The freshie outlook from a fellow freshie:


Surviving the rigours of JEE amidst the pandemic, the batch of 2020 barely made it to the IITs. The big step after this was the selection of our preferred courses. Usually, the generic misconceptions about branches we chose are cleared once we arrive on campus. The interactions with seniors and professors help us make further informed choices that suit our passion with regard to branch change and selection of elective courses. But this time, the rulebook was thrown out of the window.


Although the freshies are yet to grasp the reasons for their inability to swap branches, this thought has oddly taken a backseat amidst the whole pandemic hullabaloo – a mighty contrast to the raging popularity of BC among a regular freshie batch on insti. 


One of the major reasons for ‘20 freshies not missing the BC process is due to the limited interactions with seniors and professors. Seniors who advised and guided us about the hurdles in the courses over the years have transformed into voices speaking out to us while we stare at our blank screens. The acquaintance of students with professors is at an all-time low as we are identified by our roll-numbers rather than our names or faces. This lack of conversation has left us freshies in an all too familiar scenario, i.e. mulling in the same cluelessness of the initial few days of joining insti. Most freshies are still largely naive and unaware of the rigours awaiting them over the years. 


Adil Sidan, an Engineering Physics freshie, remarks, “I always aspired to join the Electrical Engineering department. If I had the opportunity for a branch change, I think it would have given me an added motivation for studying. As of now, I hope to upgrade to an interdisciplinary program later on [sic].” Similarly, many students believe that the incentive for pursuing other branches would have pushed them to work a little more. And a little more sounds good when we all are yearning for hope in any form.
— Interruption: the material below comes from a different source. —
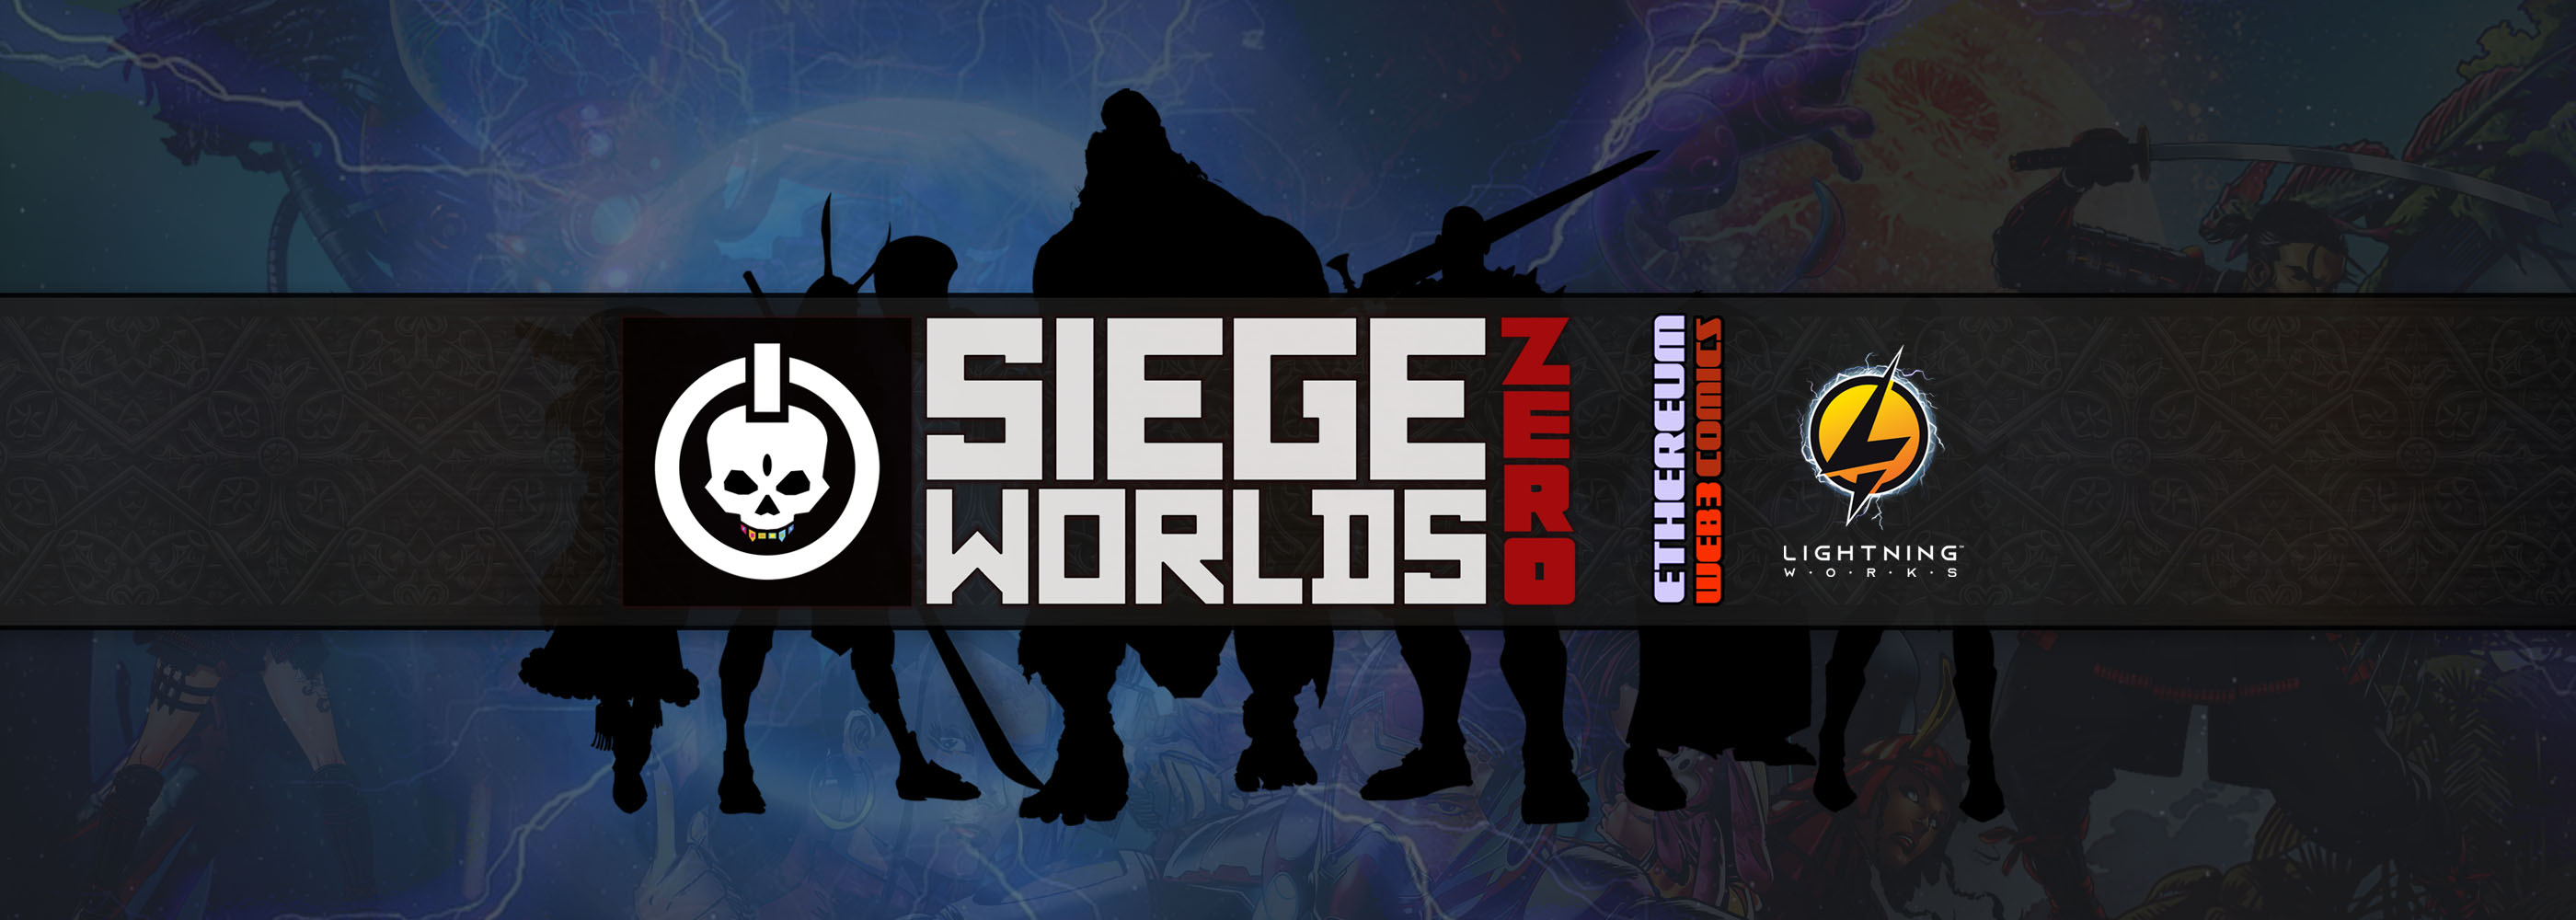 Siege Worlds Zero Comic Book
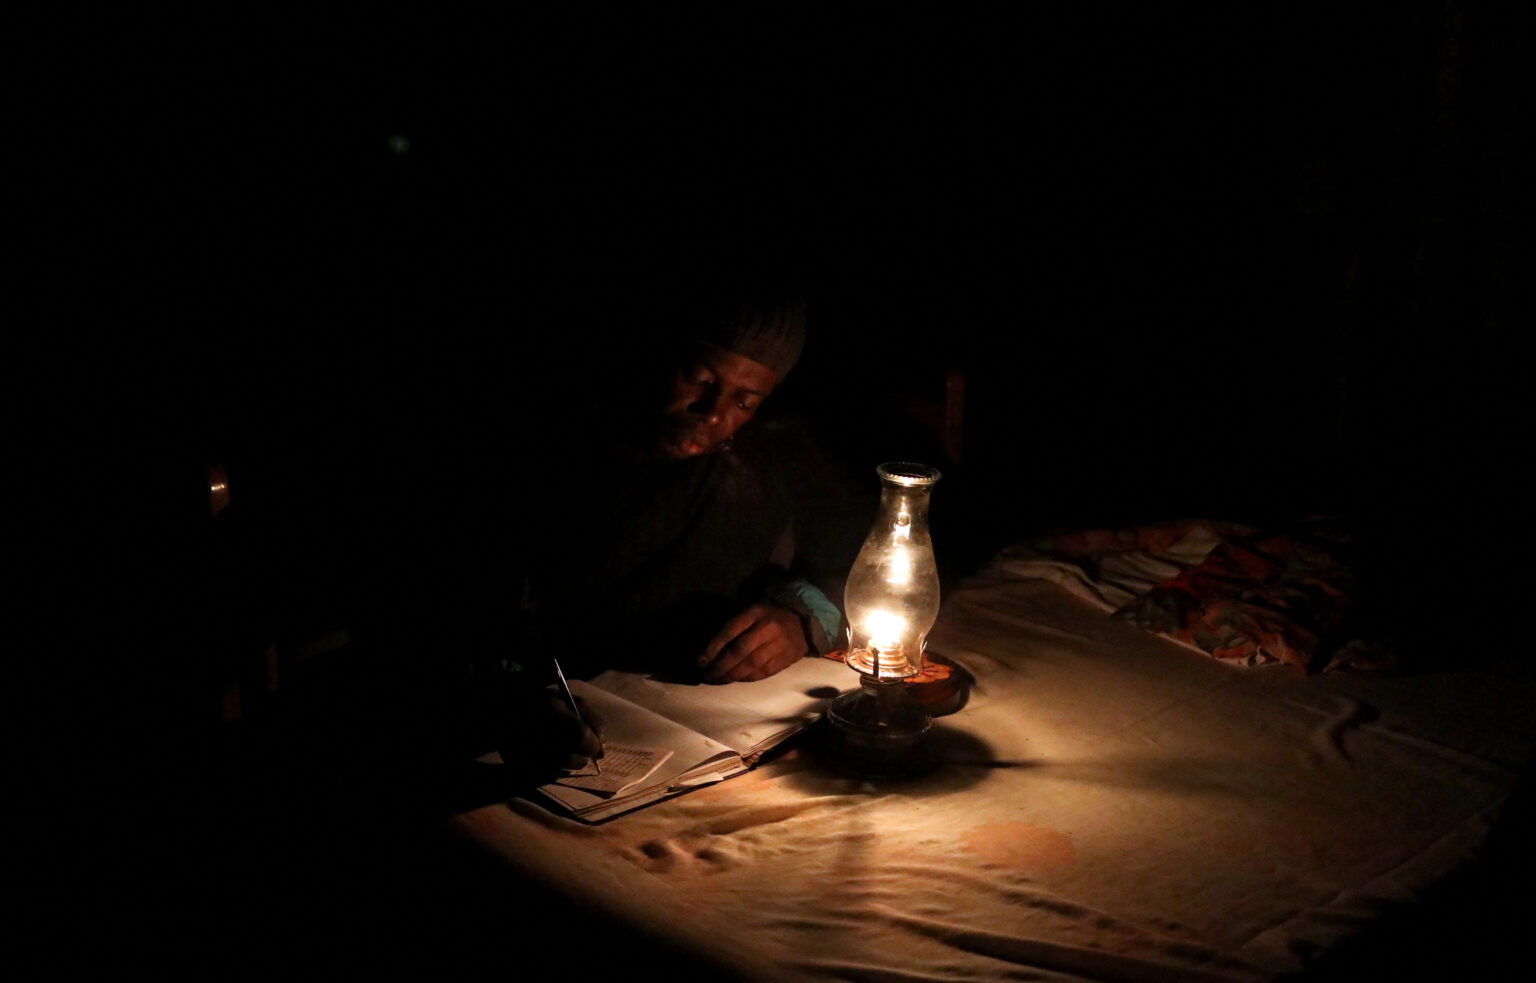 Tanzania power cuts

While some freshies lament the missed chance, others believe that the change is for the better. After coming out of the cutthroat world of JEE, they feel that more competition was the last thing they needed. 


Abhishek Goyal, a Civil Engineering freshie, comments, “After the entire JEE fiasco, I really needed to take a break from this kind of competitive, self-involved stuff. Also, busting myself for grades in these online semesters is enough stress for me. Honestly, I feel comforted about not having the added pressure of branch change [sic].” 


On the other side of the spectrum, some freshies are also somewhat unaffected by the decision to scrap BC- mostly because they are extremely passionate about their present courses. A freshie from the Naval Architecture and Ocean Engineering Department, Afthab Mohammed shares the sentiment. However, he feels that his batchmates do not deserve to miss out on such an opportunity, “I don’t think that I am suited to any of the courses students usually upgrade to. I feel pretty challenged at my current course. So, I don’t think that I would have considered a branch change even if I had the opportunity to do so. However, I feel that it is unfair to deny our batch an opportunity that has been available over the years. Anyone who wishes to make a switch should not have been denied the opportunity because, despite the difficulties, we are still attending classes and taking exams.


The current freshies, who are finishing up their exams as I write this article, are crippled by the effects of the pandemic and the lack of insti life. This is contributing to students taking a laid-back approach to their academics. In this situation, there is a general consensus that an opportunity for branch change might have led to students stepping up their game. However, other than this wavering thought, none of the freshies seem to be gravely affected by this change.

For freshies learning to navigate this branch-change-less environment, to RG or not to RG, that is the question.